Jeanne est accroupie au milieu de la pièce.

Elle est hagarde, les yeux vides, elle téléphone.

Elle tourne le dos au cadavre de Joseph qui continue de se vider de son sang, à gros bouillons, d’une large entaille à la gorge.

Jeanne:

- Francesco? Il va mieux? Il faut qu’il vienne…

 

 

149. bureau Albert ; int. jour – Albert, employés, inconnu (off)

 

Il y a une grande effervescence.

Albert dévore des gateaux à son bureau qui domine derrière une vitre insonore l’ensemble de la vaste salle où des employés s’agitent en tout sens.

Il hurle au téléphone, la bouche pleine, en faisant de temps à autres cliqueter un clavier, ou signant un document qu’on lui apporte.

 

Albert:

- L’argent, l’argent c’est juste un symbole, ce qui les intéresse ce n’est pas l’argent, c’est le pouvoir, c’est mon pouvoir, ils n’auront pas le pouvoir que j’ai sur moi-même…Ils ne pourront jamais me briser. Mon passé est déjà mort, ils déterrent les cadavres de mes enfants à présent. Mais ils sont déjà morts et je suis mort avec eux depuis si longtemps. Je suis comme Saturne, j’ai mangé mes enfants il y a longtemps! Ils sont trop bêtes. Ils n’ont pas conscience du mal, du mal qu’on peut leur faire. C’est pour ce soir.

 

Il raccroche et éclate de rire puis se frotte les yeux un instant en regardant sur un petit moniteur l’image de Judith sourire.

 

Albert:

- Ah! Judith. Mourir d’amour, que j’aimerais mourir parfois.

 

 

150. maison d’enfance, parc, propriété voisine ; ext. matin – Francesco,         Camille

 

Francesco sort de la maison à grands pas.

Le téléphone continue de sonner à l’intérieur.

Il se dirige vers la propriété adjacente et bientôt enjambe le muret de séparation.

ses pas le guide vers le centre de la fête: devant la maison, une grande piscine où quelques tardifs fêtards somnolent sur des matelas pneumatiques, d’autres reposent épars autour de l’eau où sur la pelouse jonchée de bouteilles et de verres.
La musique court toujours, renouvelée par une jeune femme somnolente et défaite, un casque lui enserrant le crâne, dans le salon de la demeure que Francesco traverse sans être aucunement remarqué.

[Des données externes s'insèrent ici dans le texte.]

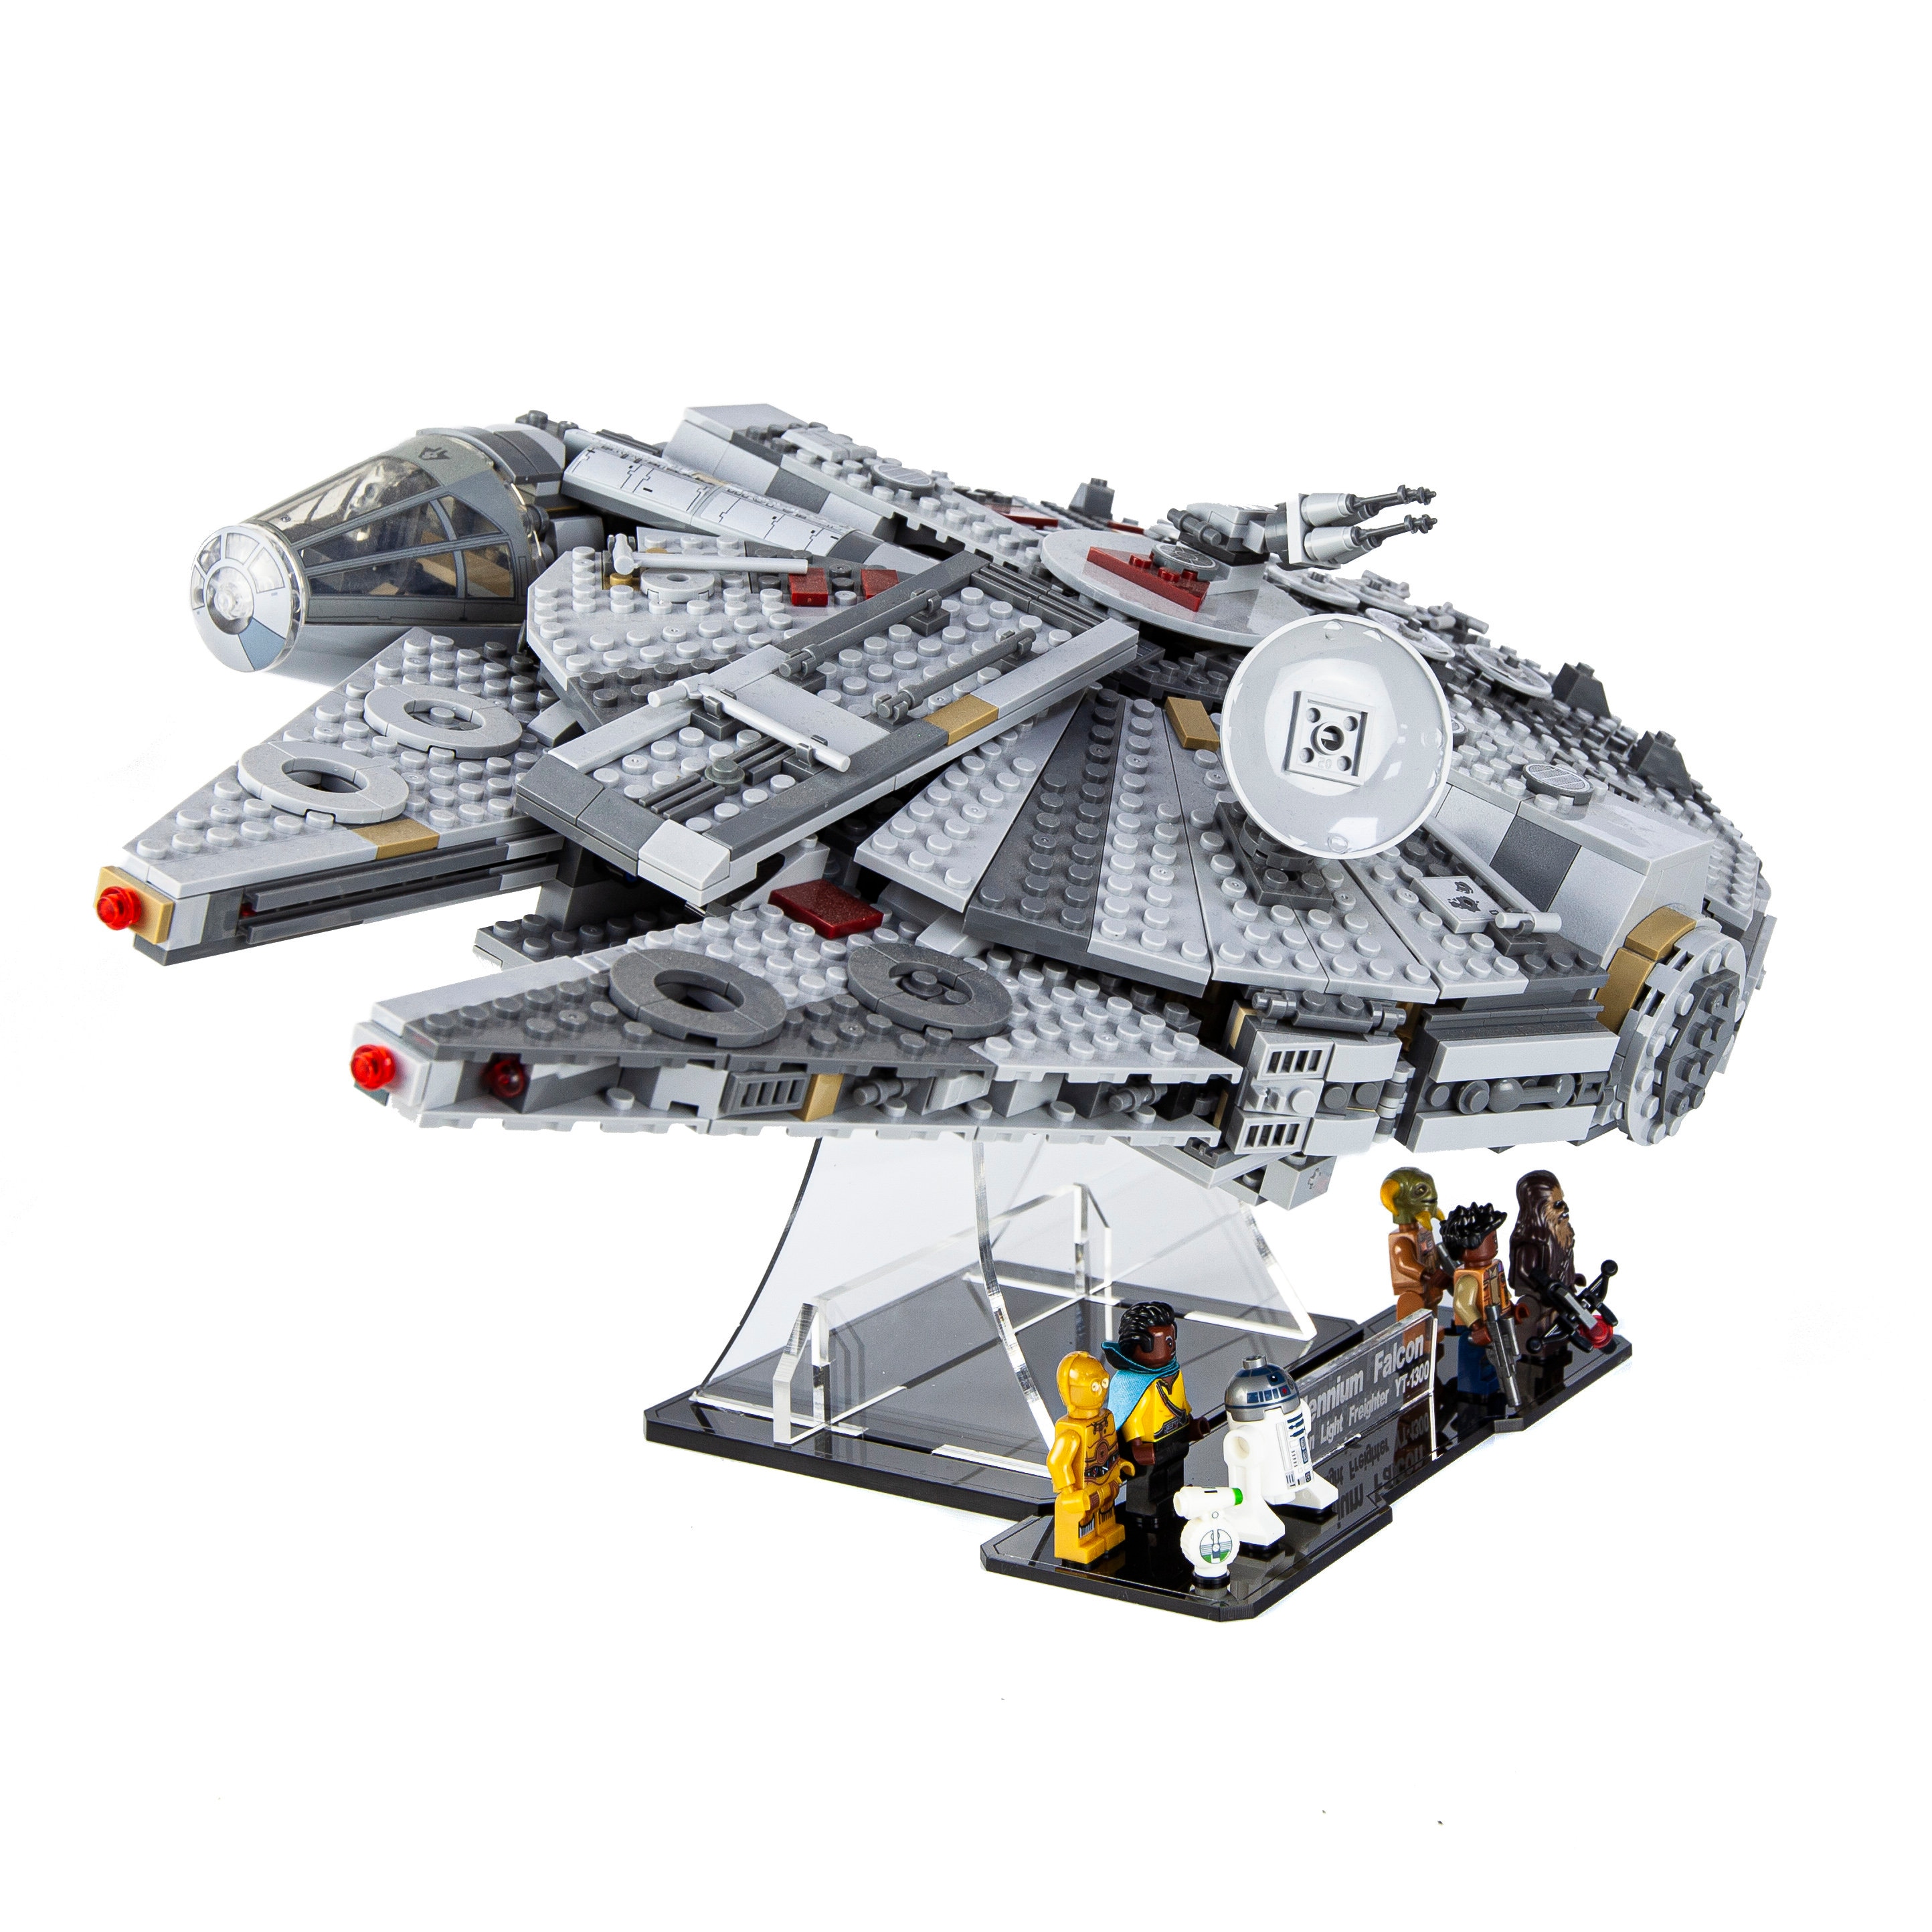 Acrylic Display Stand for Star Wars Millennium Falcon™ 75257 - Etsy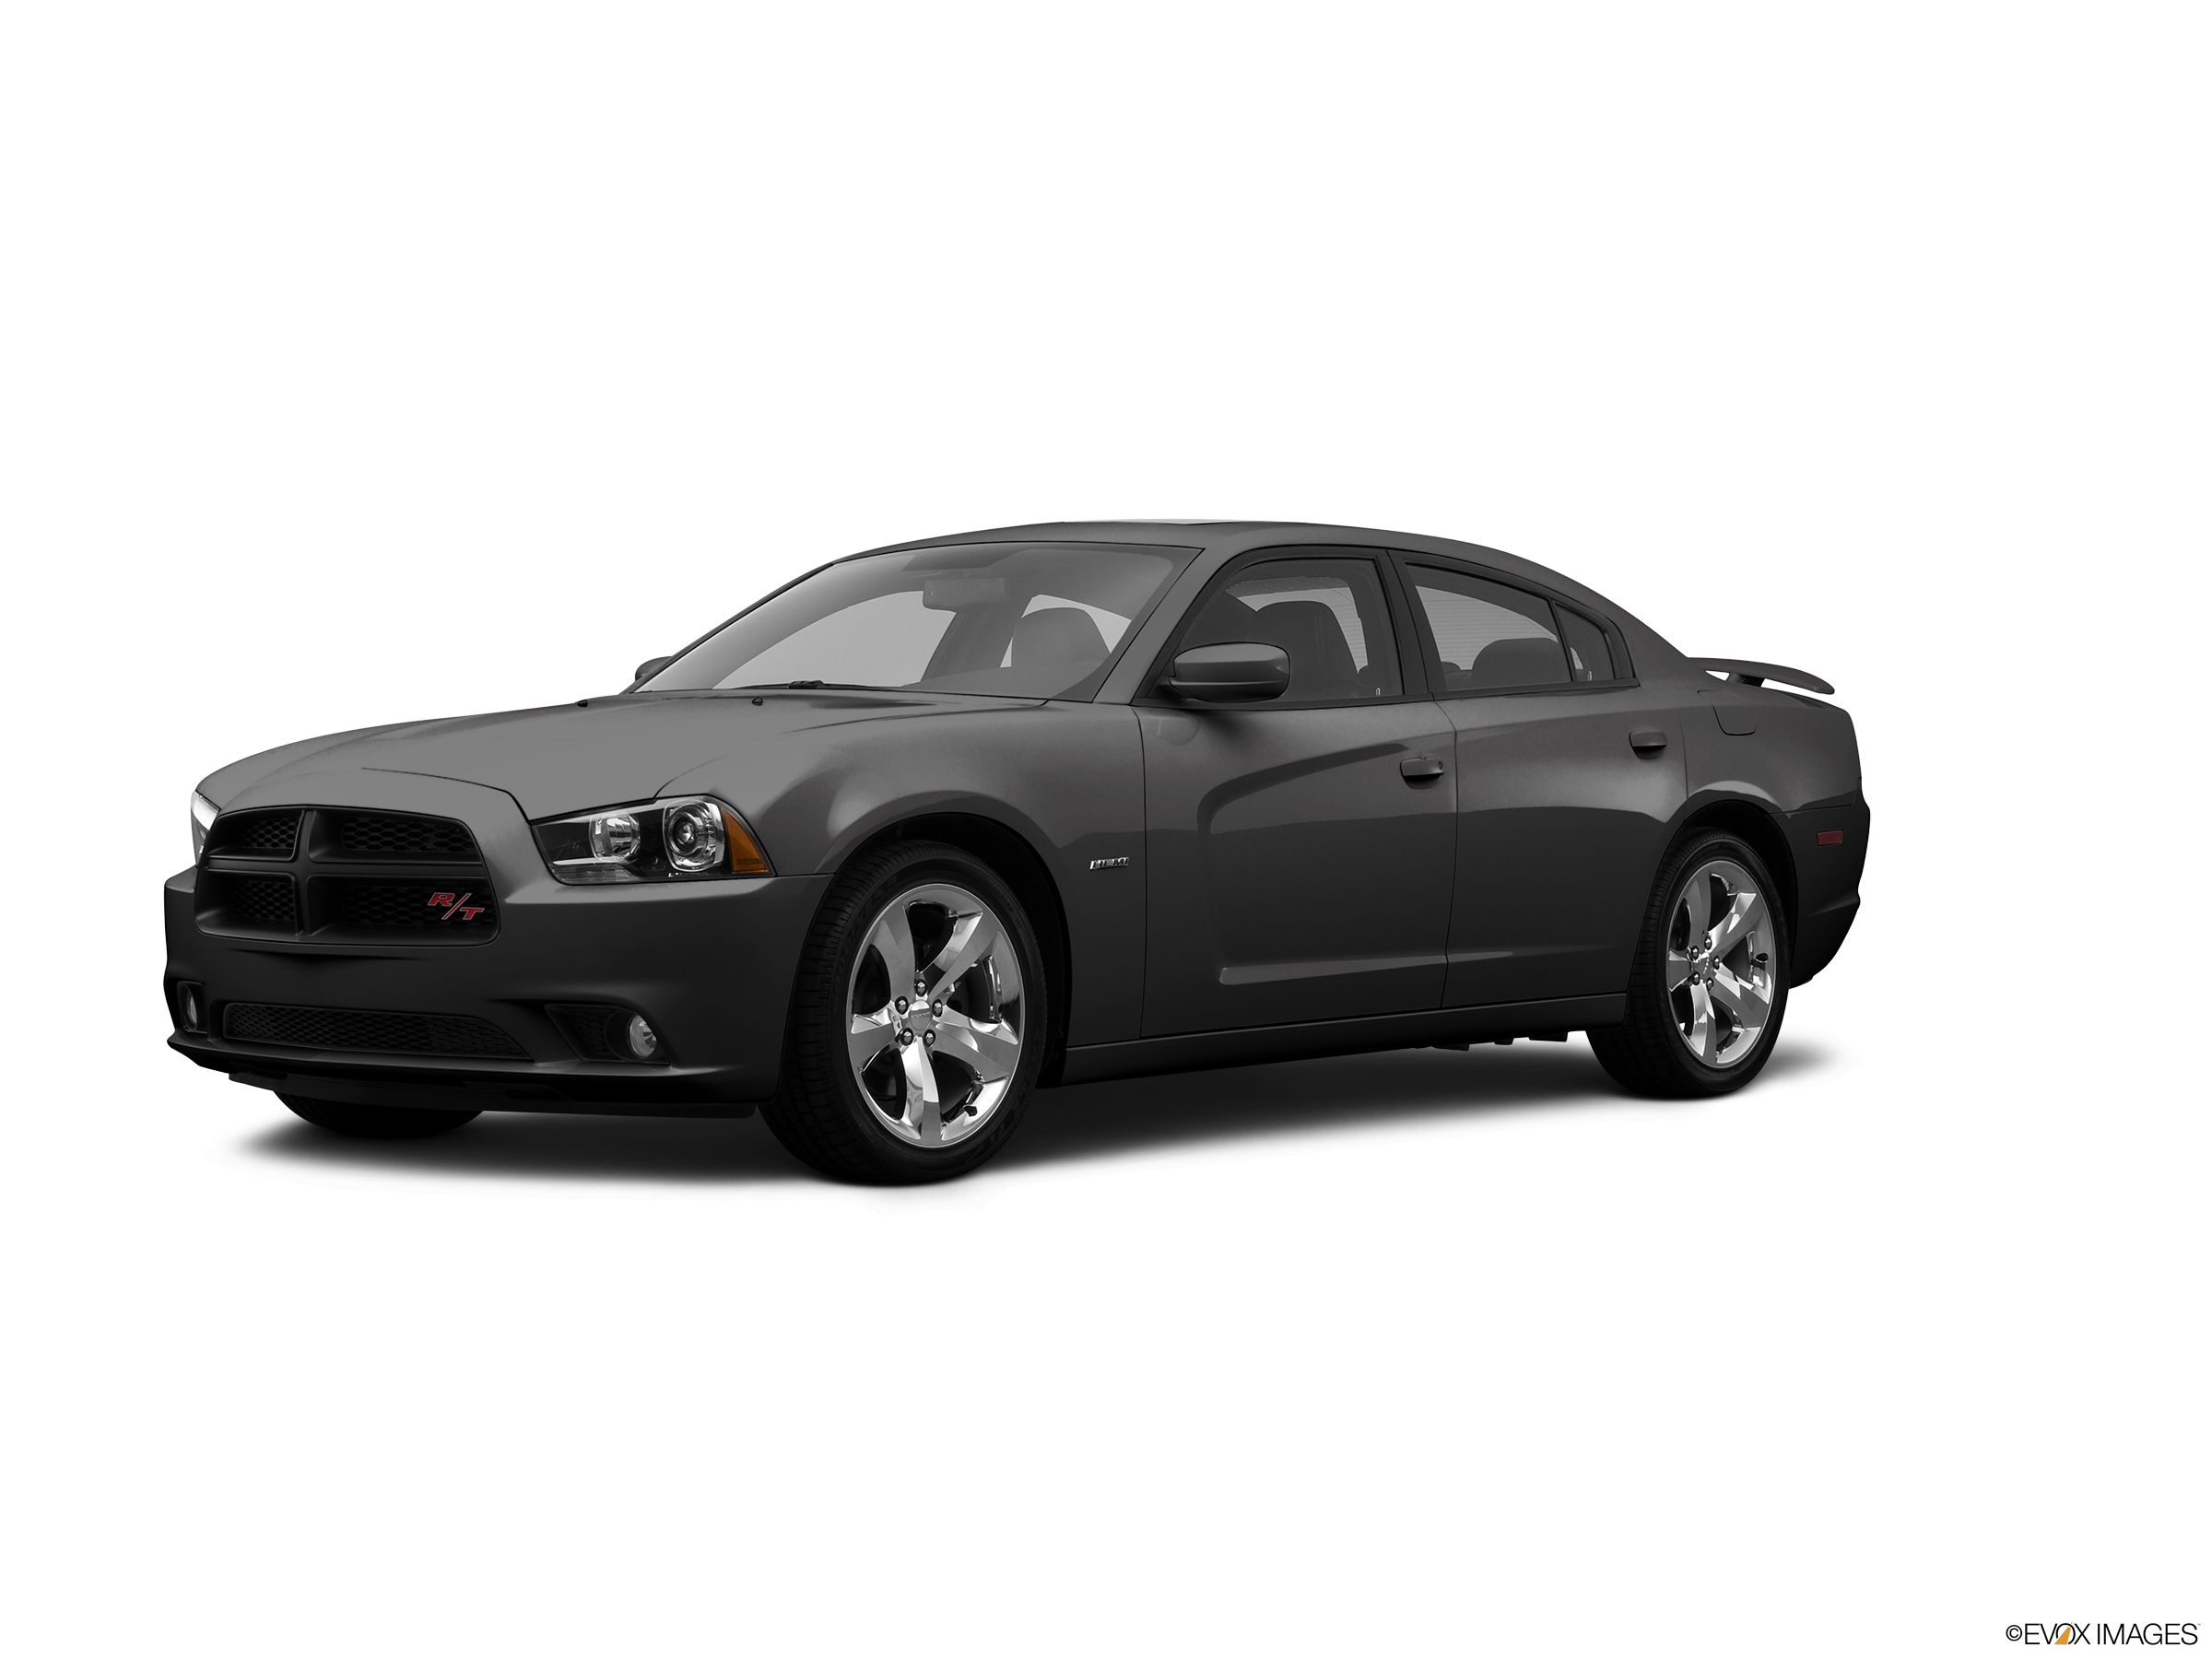 Used 2013 Dodge Charger R/T Sedan 4D Prices | Kelley Blue Book

Quatre ou cinq voitures sont disséminées plus loin, vers le chemin menant à la sortie.

Il y a les clés sur la portière de l’une d’entre elle.

Sans hésiter, Francesco monte et démarre.

Il ne s’aperçoit pas qu’une jeune femme somnole et divague, vautrée en partie dans son vomis, couchée sur le plancher à l’arrière du véhicule.

Une seringue roule au rythme des chaos de la route à côté d’elle.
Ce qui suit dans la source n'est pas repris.